Count every line in the following entries that holds the word "Slim". Only the number should be given.

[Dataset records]
»»

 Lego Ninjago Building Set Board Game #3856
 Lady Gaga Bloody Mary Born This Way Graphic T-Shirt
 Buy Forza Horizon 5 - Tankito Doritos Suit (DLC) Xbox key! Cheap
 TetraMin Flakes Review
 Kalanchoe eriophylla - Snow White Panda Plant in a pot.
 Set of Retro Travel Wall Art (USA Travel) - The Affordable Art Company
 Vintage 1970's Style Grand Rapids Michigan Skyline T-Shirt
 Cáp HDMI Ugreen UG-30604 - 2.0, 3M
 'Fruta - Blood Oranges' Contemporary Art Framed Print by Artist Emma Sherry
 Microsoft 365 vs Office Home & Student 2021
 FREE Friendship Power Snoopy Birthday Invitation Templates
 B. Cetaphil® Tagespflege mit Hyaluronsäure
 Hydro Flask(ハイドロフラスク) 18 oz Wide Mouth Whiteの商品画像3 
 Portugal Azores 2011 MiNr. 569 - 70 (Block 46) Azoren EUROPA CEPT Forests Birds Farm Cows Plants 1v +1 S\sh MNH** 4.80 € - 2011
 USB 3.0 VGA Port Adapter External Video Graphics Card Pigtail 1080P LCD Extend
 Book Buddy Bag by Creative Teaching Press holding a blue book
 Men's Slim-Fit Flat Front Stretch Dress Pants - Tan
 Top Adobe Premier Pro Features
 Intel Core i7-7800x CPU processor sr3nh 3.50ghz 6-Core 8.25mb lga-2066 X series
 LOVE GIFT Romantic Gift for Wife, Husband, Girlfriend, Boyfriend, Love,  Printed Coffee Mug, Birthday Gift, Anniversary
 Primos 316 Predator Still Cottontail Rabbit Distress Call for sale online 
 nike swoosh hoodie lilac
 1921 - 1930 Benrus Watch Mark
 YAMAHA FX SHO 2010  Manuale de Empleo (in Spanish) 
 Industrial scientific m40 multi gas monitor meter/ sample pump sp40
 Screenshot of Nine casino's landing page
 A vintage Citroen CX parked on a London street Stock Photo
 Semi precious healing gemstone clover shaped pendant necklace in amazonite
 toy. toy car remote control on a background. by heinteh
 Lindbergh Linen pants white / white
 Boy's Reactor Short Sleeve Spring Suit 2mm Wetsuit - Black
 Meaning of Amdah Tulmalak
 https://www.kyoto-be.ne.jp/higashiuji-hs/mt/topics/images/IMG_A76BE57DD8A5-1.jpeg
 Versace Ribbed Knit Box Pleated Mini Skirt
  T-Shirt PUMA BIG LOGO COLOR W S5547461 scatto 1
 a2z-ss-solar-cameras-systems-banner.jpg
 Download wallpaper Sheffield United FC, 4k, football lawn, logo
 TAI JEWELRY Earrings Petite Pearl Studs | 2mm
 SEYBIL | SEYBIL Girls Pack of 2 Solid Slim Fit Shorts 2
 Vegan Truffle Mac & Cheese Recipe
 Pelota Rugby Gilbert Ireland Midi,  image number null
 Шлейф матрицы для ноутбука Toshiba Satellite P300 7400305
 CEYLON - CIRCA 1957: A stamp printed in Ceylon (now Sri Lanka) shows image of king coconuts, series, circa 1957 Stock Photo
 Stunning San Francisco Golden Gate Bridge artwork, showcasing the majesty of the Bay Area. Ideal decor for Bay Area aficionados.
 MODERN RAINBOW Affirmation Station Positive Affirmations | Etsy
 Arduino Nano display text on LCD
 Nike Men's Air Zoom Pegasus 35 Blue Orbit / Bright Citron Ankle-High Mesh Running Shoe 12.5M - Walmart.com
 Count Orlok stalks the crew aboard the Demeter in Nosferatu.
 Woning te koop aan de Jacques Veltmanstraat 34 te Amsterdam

««

# TASK RESPONSE
2